• WHAT THE EXERCISE ASKS
Would you mind restating all of the records word for word, skipping the pictures?

• MATERIAL SHOWN
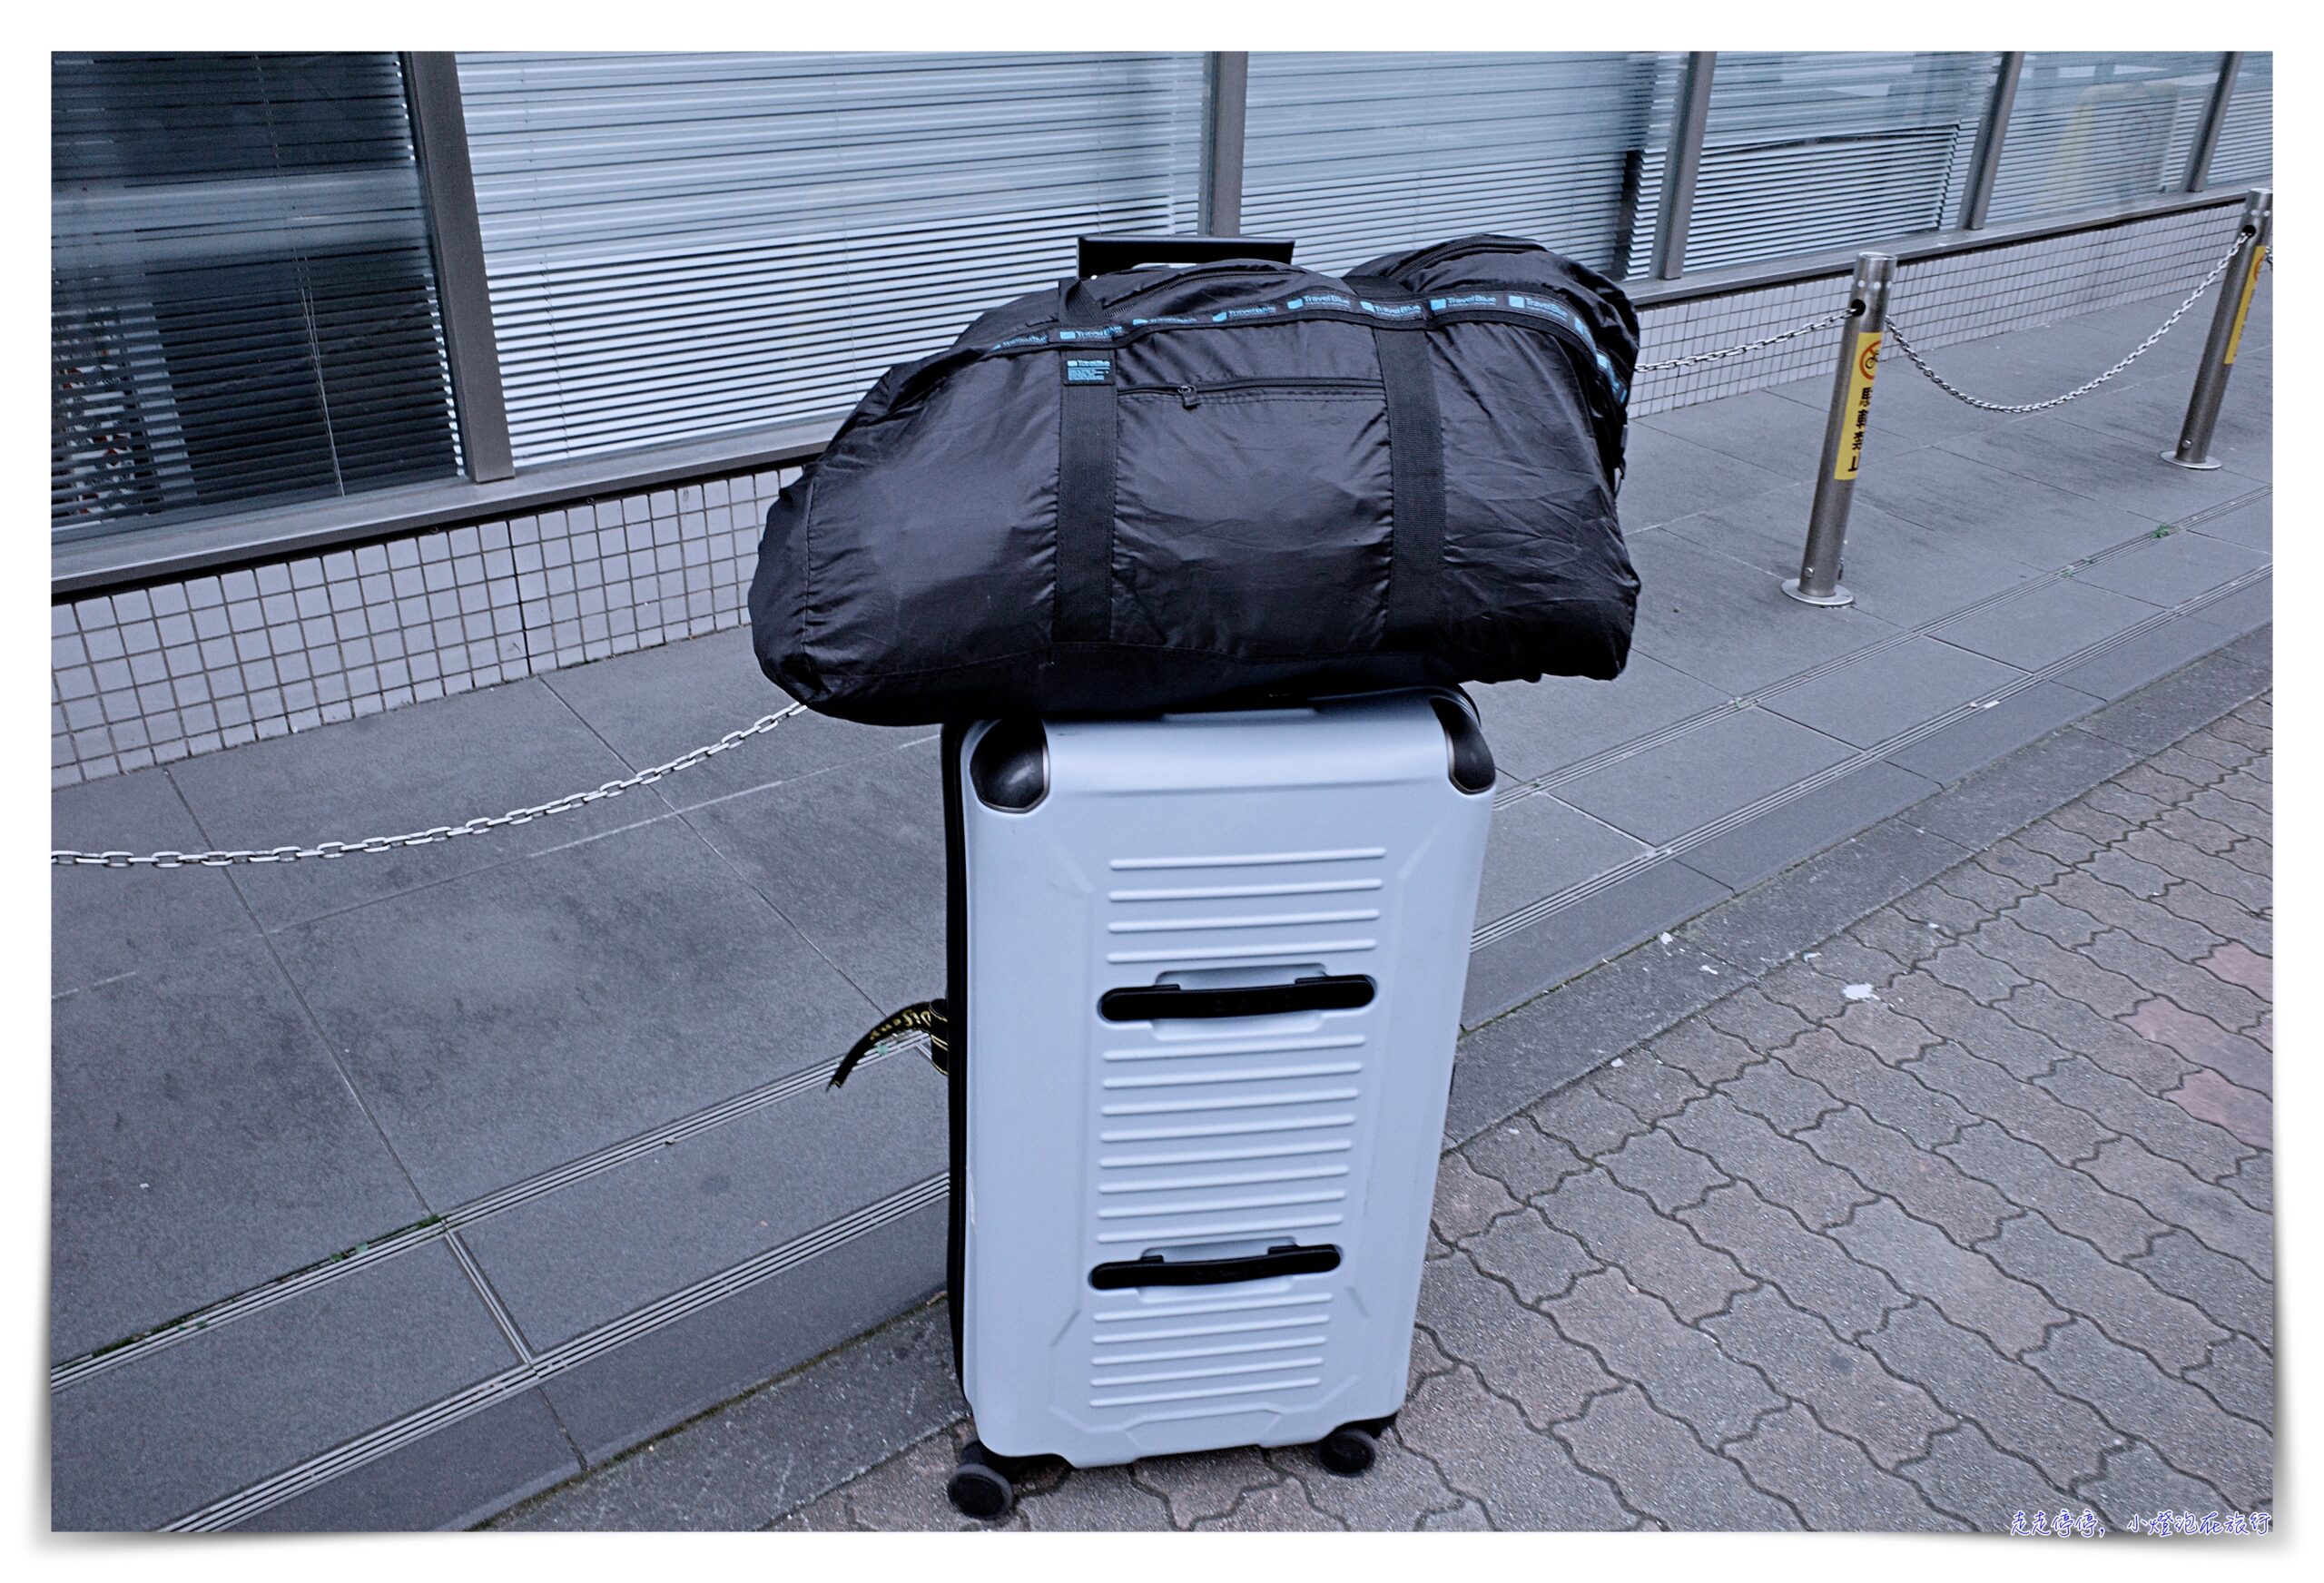 歐洲行李寄存/歐洲行李寄放怎麼找？Bounce、radical storage，兩個網站馬上查詢價格跟位置
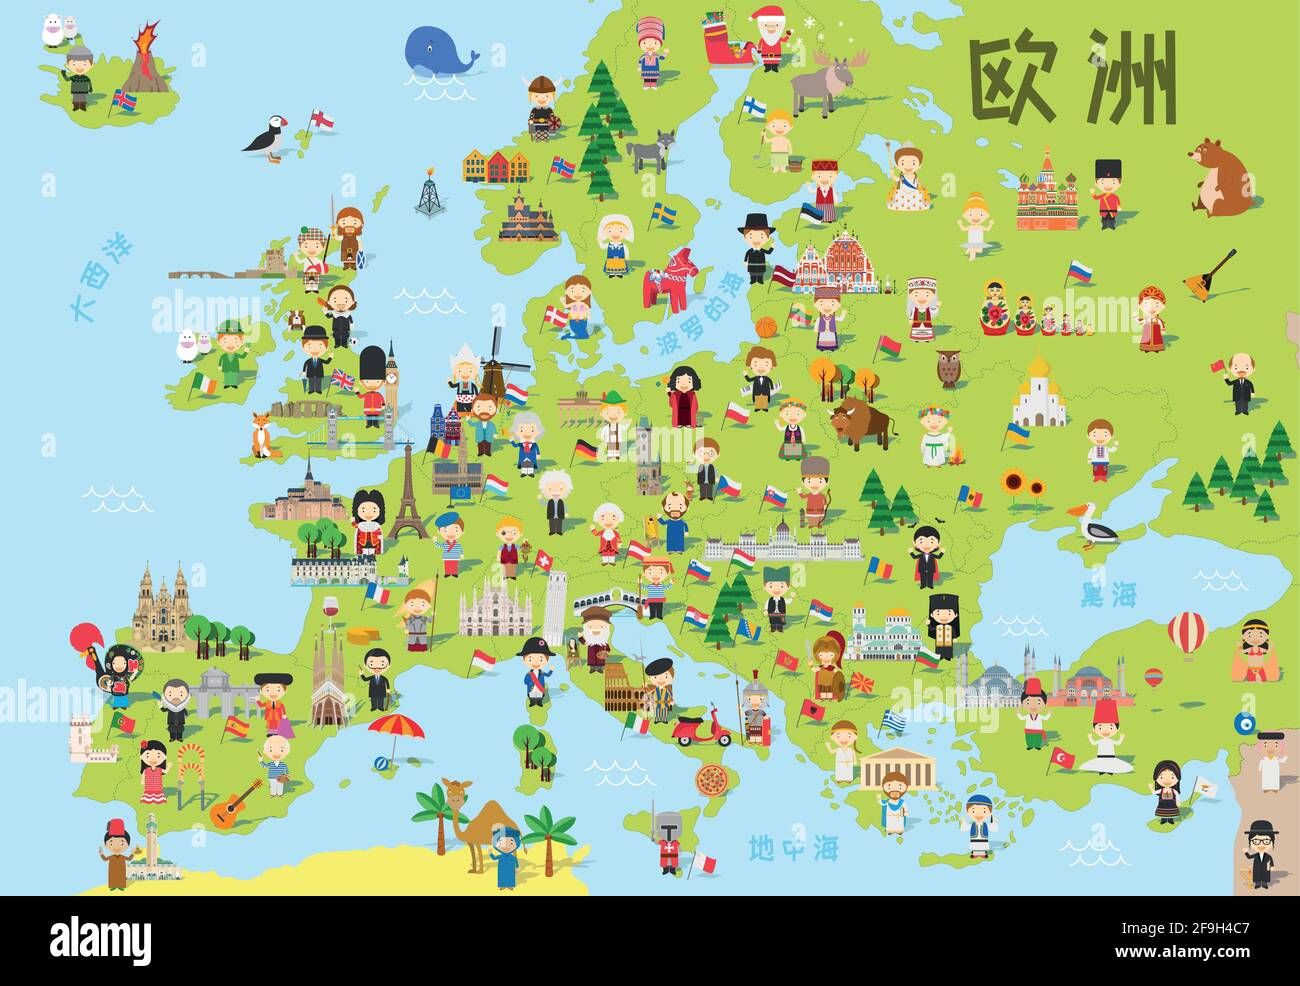 Divertente cartoni animati dell'Europa in cinese con bambini di diverse nazionalità, monumenti rappresentativi, animali e oggetti di tutti i paesi. Illustrazione Vettoriale
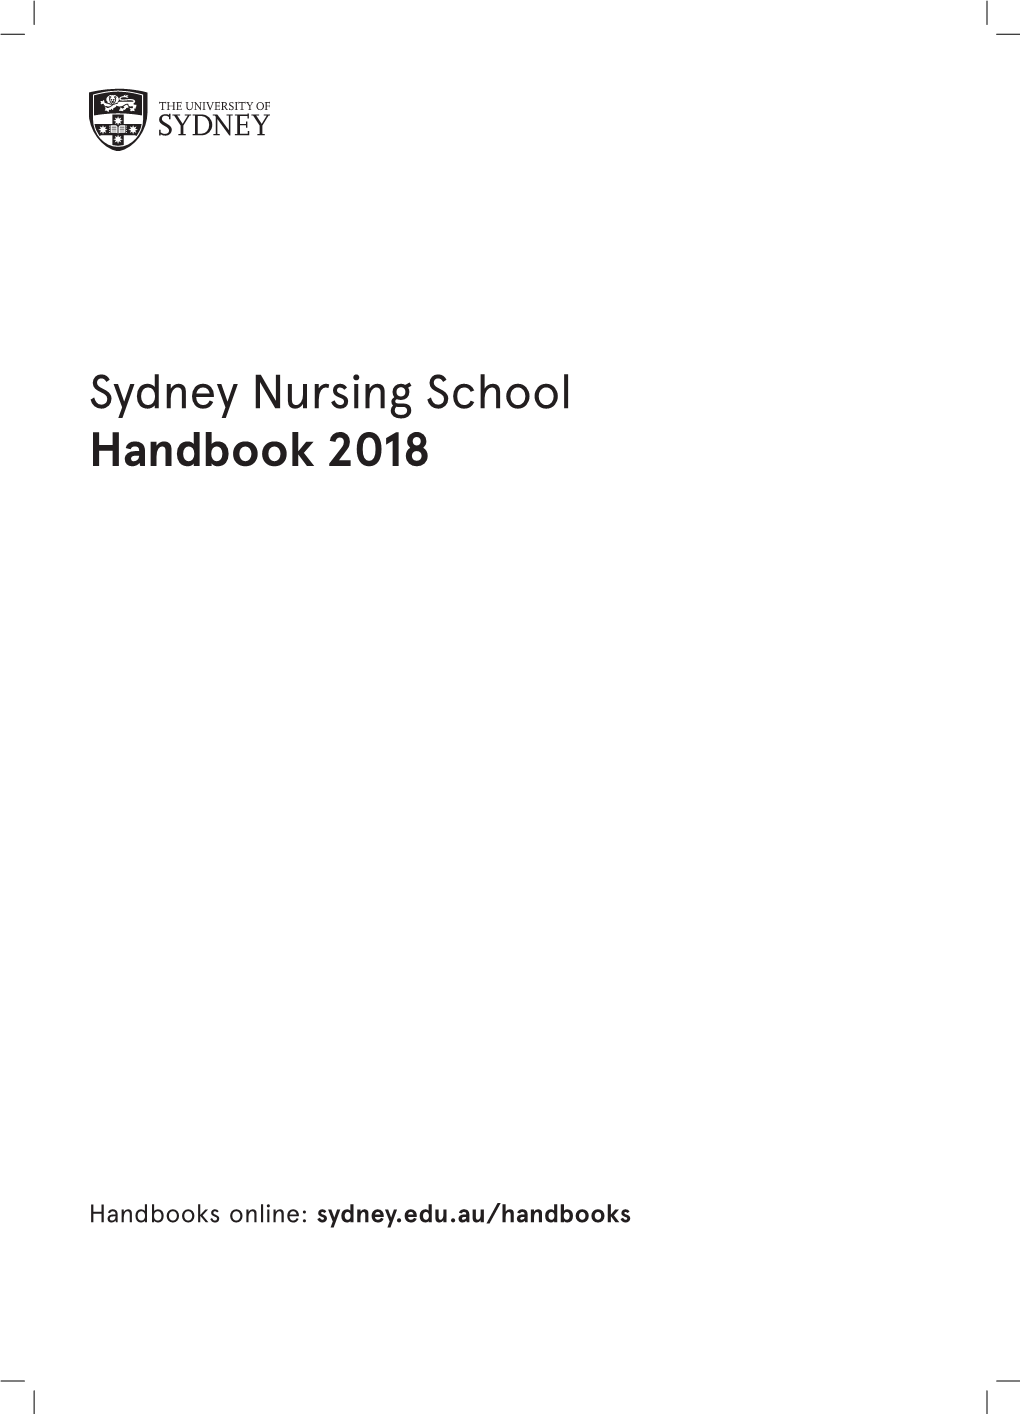 Sydney Nursing School Handbook 2018
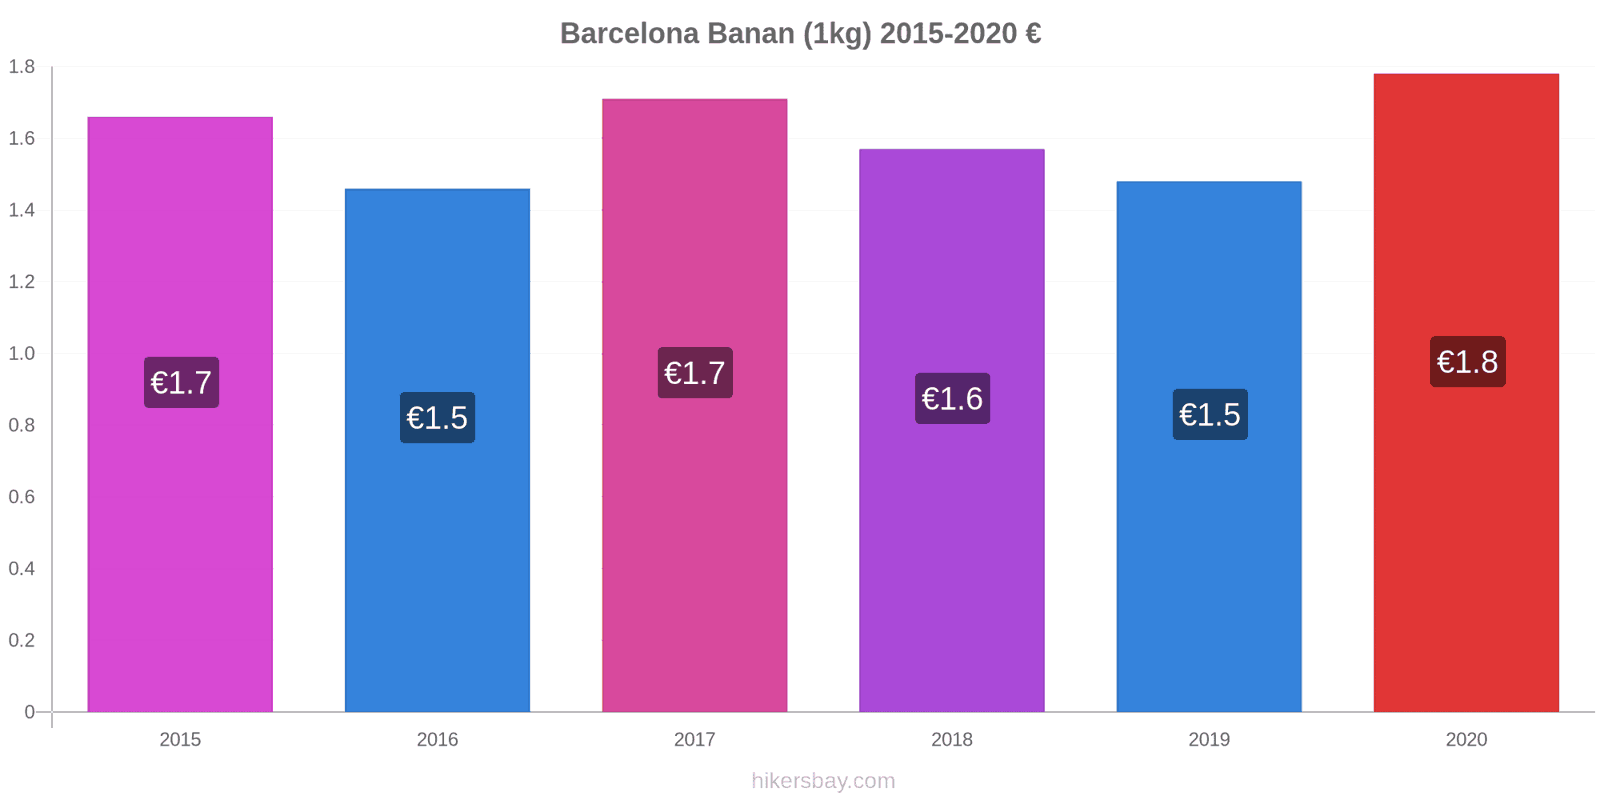 Barcelona prisændringer Banan (1kg) hikersbay.com
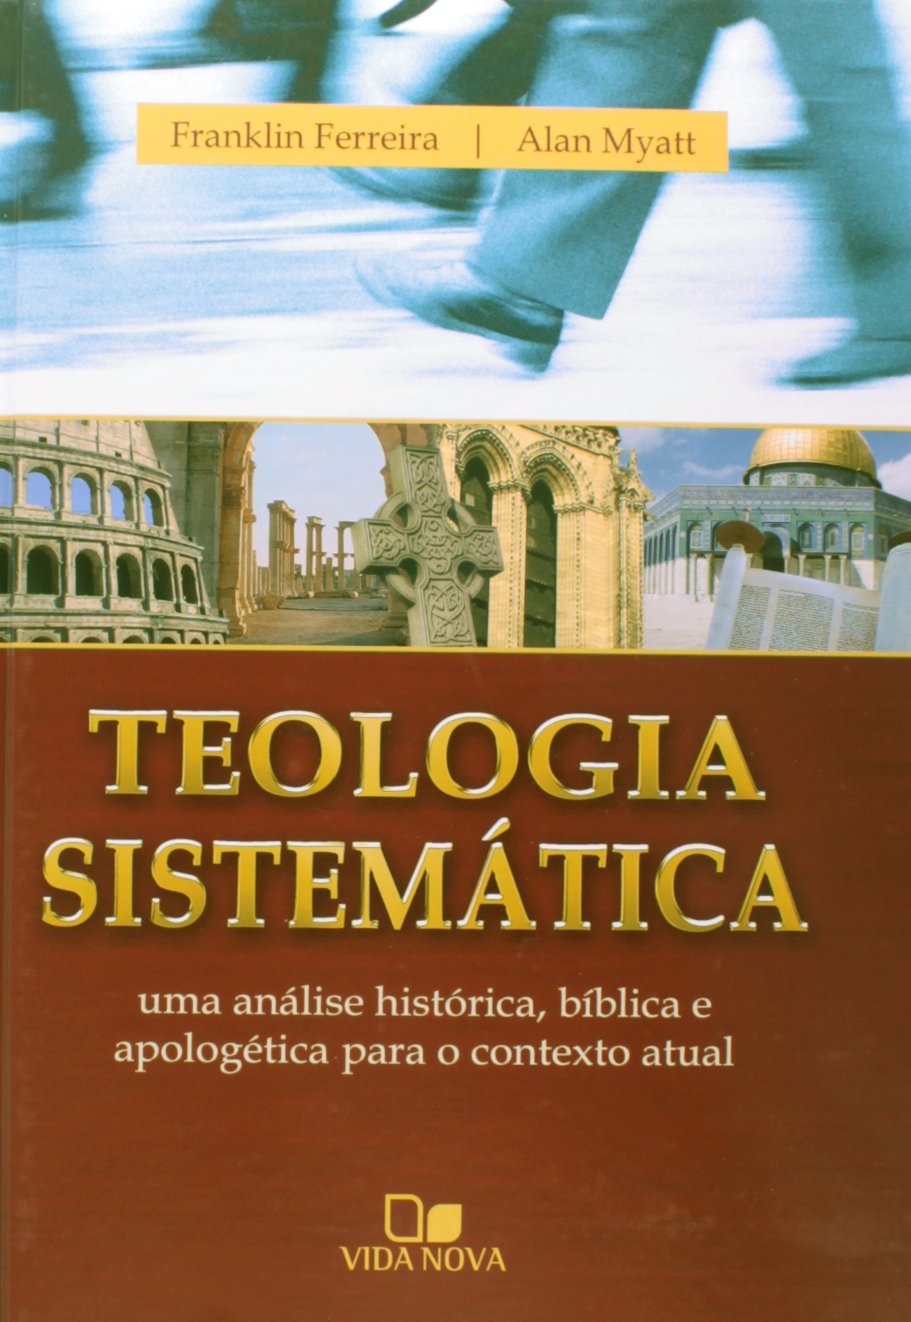 teologia sistematica pdf

• WRITTEN ANSWER
 歐洲行李寄存/歐洲行李寄放怎麼找？Bounce、radical storage，兩個網站馬上查詢價格跟位置
 Divertente cartoni animati dell'Europa in cinese con bambini di diverse nazionalità, monumenti rappresentativi, animali e oggetti di tutti i paesi. Illustrazione Vettoriale
 Sydney Nursing School Handbook 2018
 Barcelona prisændringer Banan (1kg) hikersbay.com
 teologia sistematica pdf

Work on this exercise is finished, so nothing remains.